The point is that you cannot confirm the superiority of an architecture (or whatever component) when you change multiple things. And yes, it does matter where an improvement comes from, it is the only scientfically sound method to improve. Otherwise we might as well try random things until we find something that works.

To come back to LSTM vs Transformers: Im not saying LSTMs are better or anything. Im just saying that if LSTMs would have received the amount of engineering attention that went into making transformers better and faster, who knows if they might be similarly successful?

8

_Arsenie_Boca_ t1_irw1ti7 wrote

No, I believe you are right to think that an arbitrary image captioning model cannot accurately generate prompts that actually lead to a very similar image. Afterall, the prompts are very model-dependent.

Maybe you could use something similar to prompt tuning. Use a number of randomly initialized prompt embeddings, generate an image and backprop the distance between your target image and the generated image.

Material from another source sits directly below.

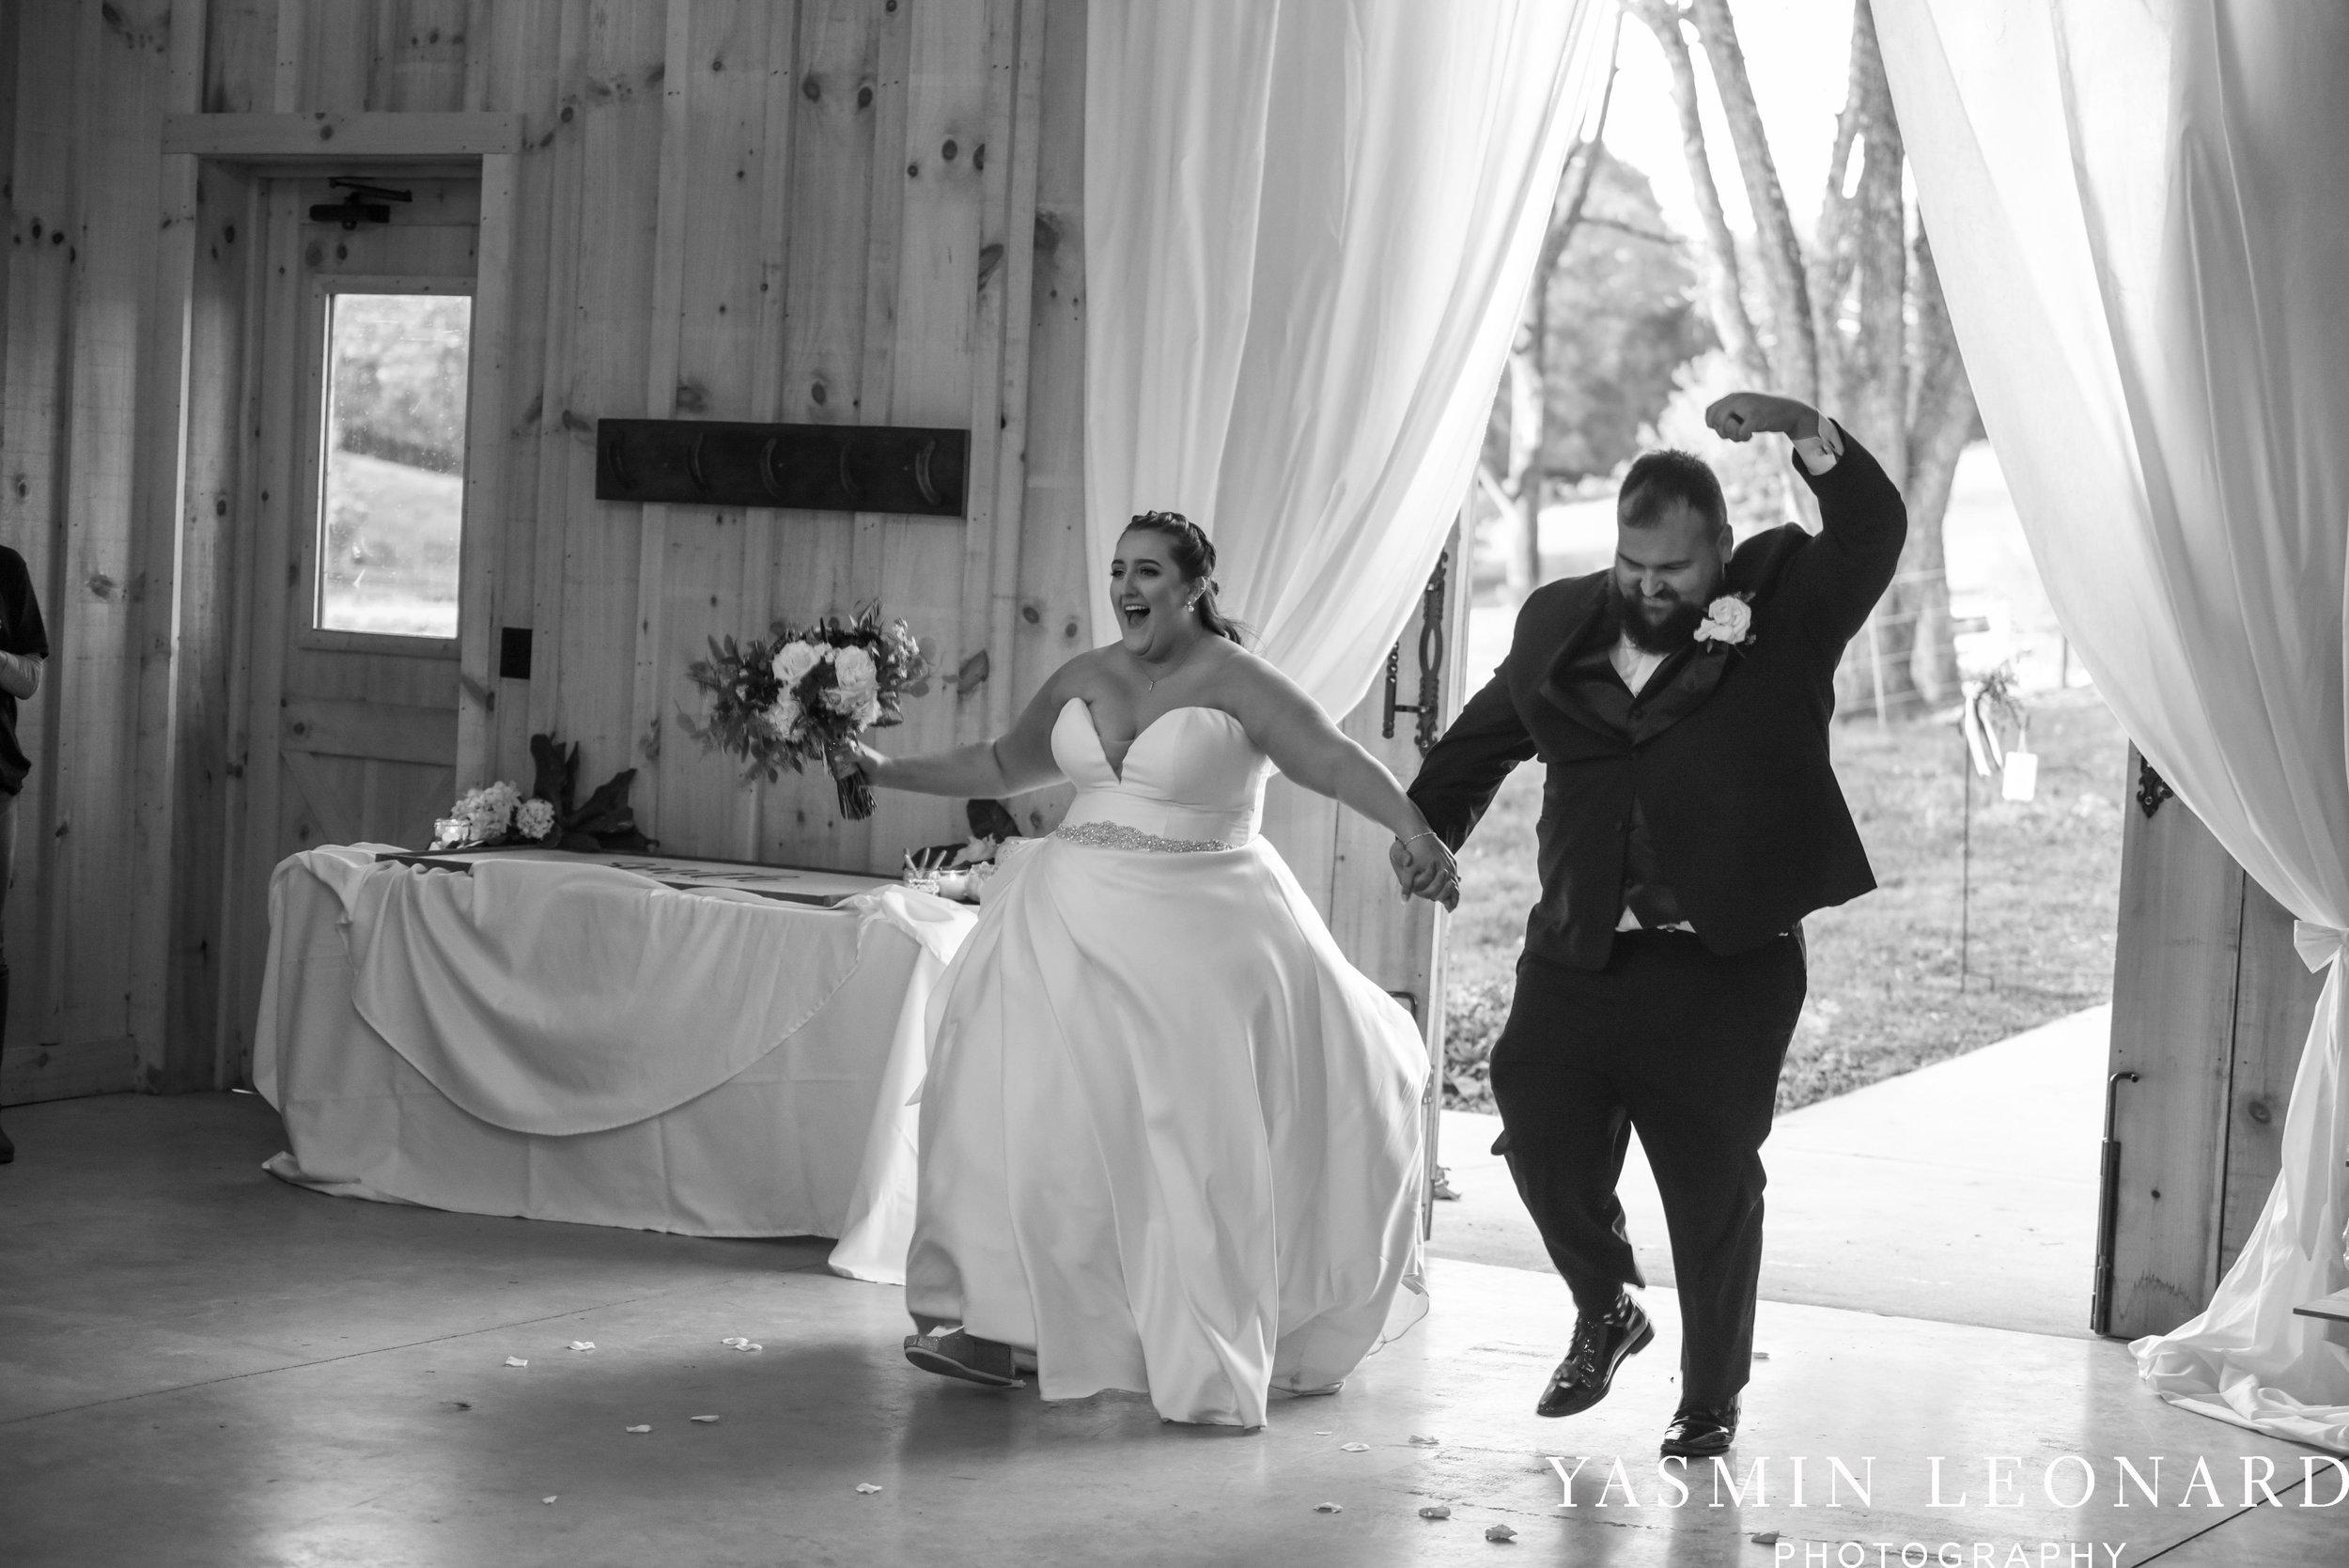 Wesley Memorial United Methodist Church - Old Homeplace Winery - High Point Weddings - High Point Wedding Photographer - NC Weddings - NC Barn Venue - Yasmin Leonard Photography-53.jpg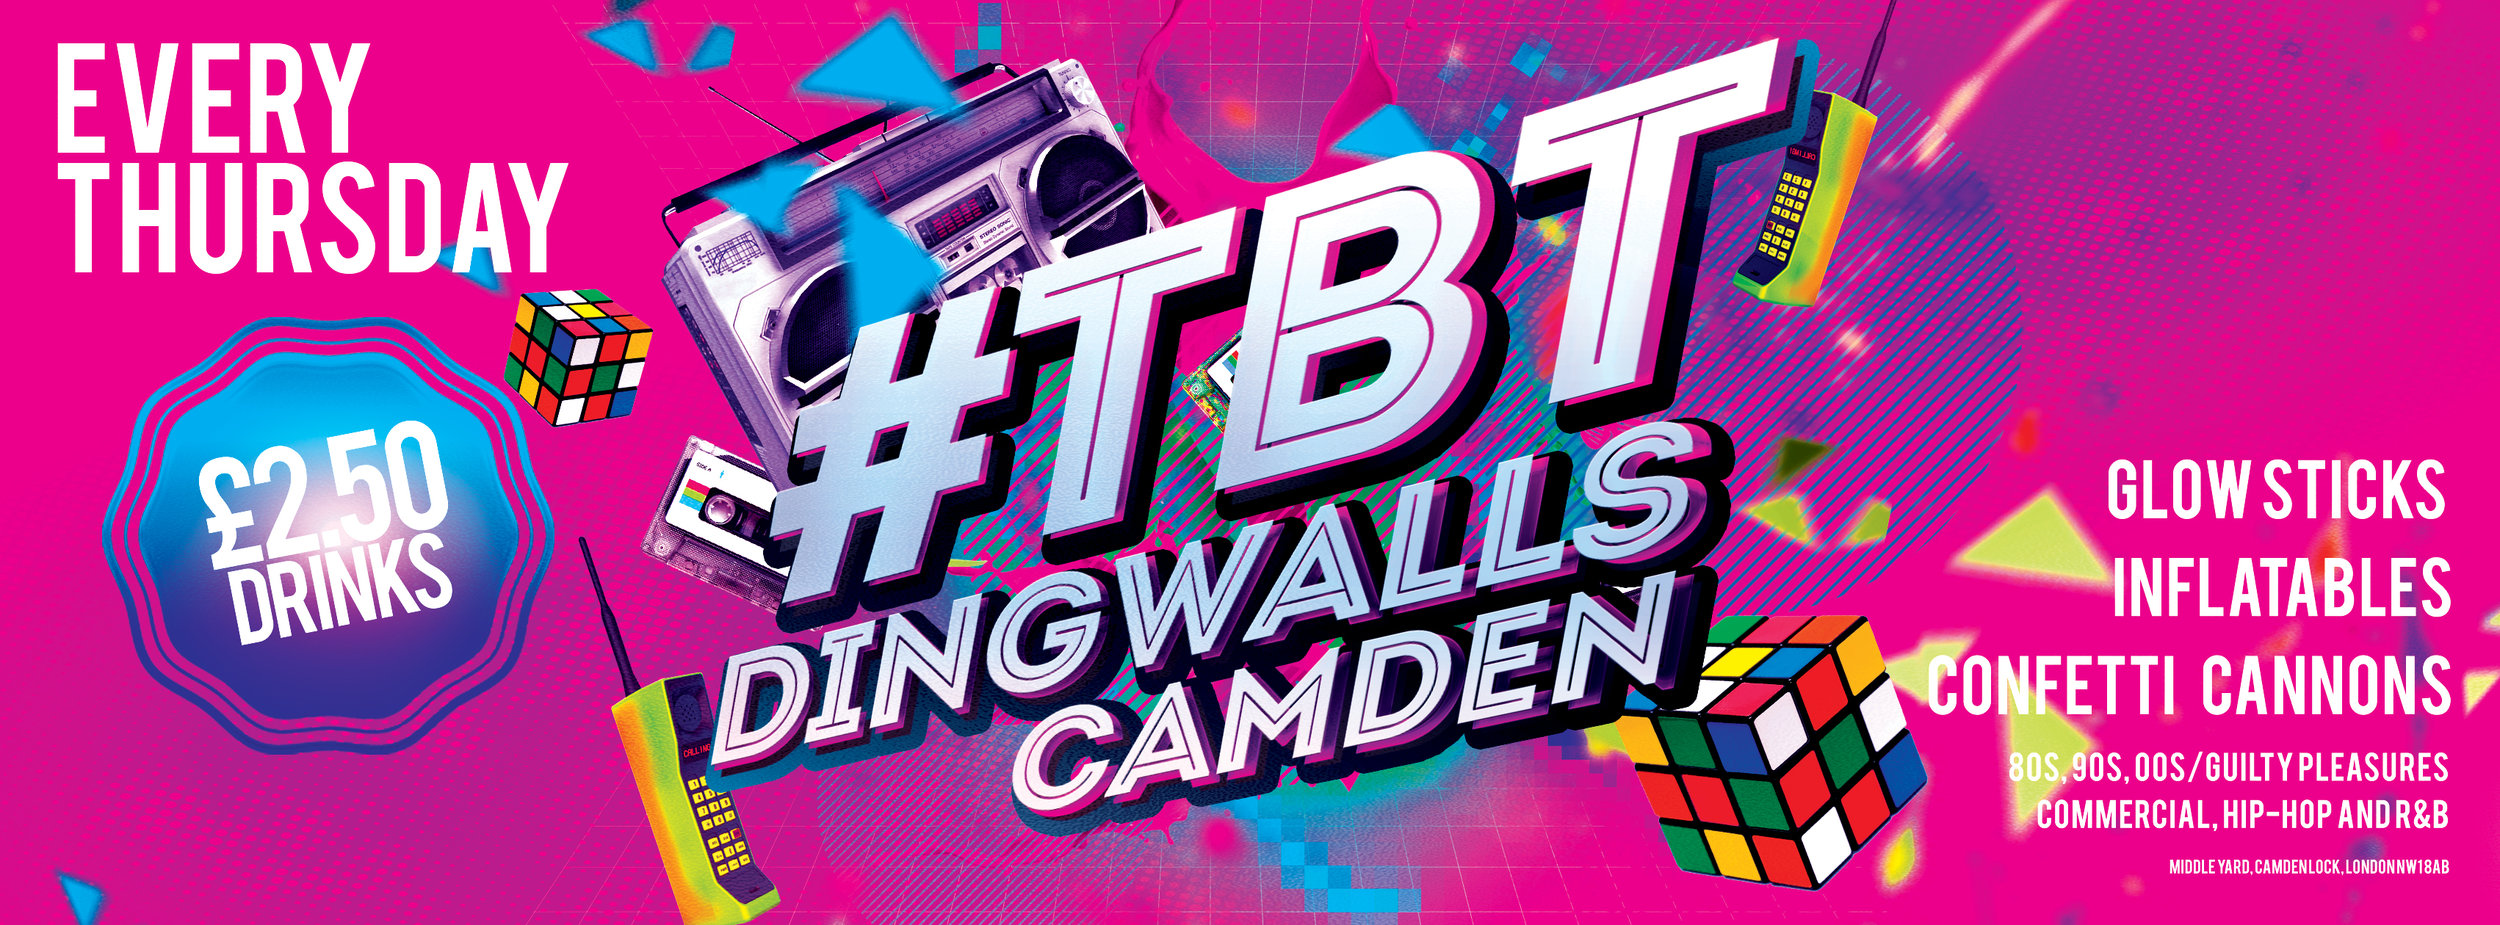 #TBT_Dingwalls_generic_fbcover_pink.jpg

After convergence, you can perform a nearest neighbor search to find the words closest to the embeddings.

Not sure if this has been done, but I think it should work reasonably well

19

_Arsenie_Boca_ t1_irvjdtn wrote

I dont have the papers on hand that investigate this, but here are 2 things that dont make me proud of being part of this field.

Are transformers really architecturally better than LSTMs or is their success mainly due to the huge amount of compute and data we throw at them? More generally, papers tend to make many changes to a system and credit the improvement to the thing they are most proud of without a fair comparison.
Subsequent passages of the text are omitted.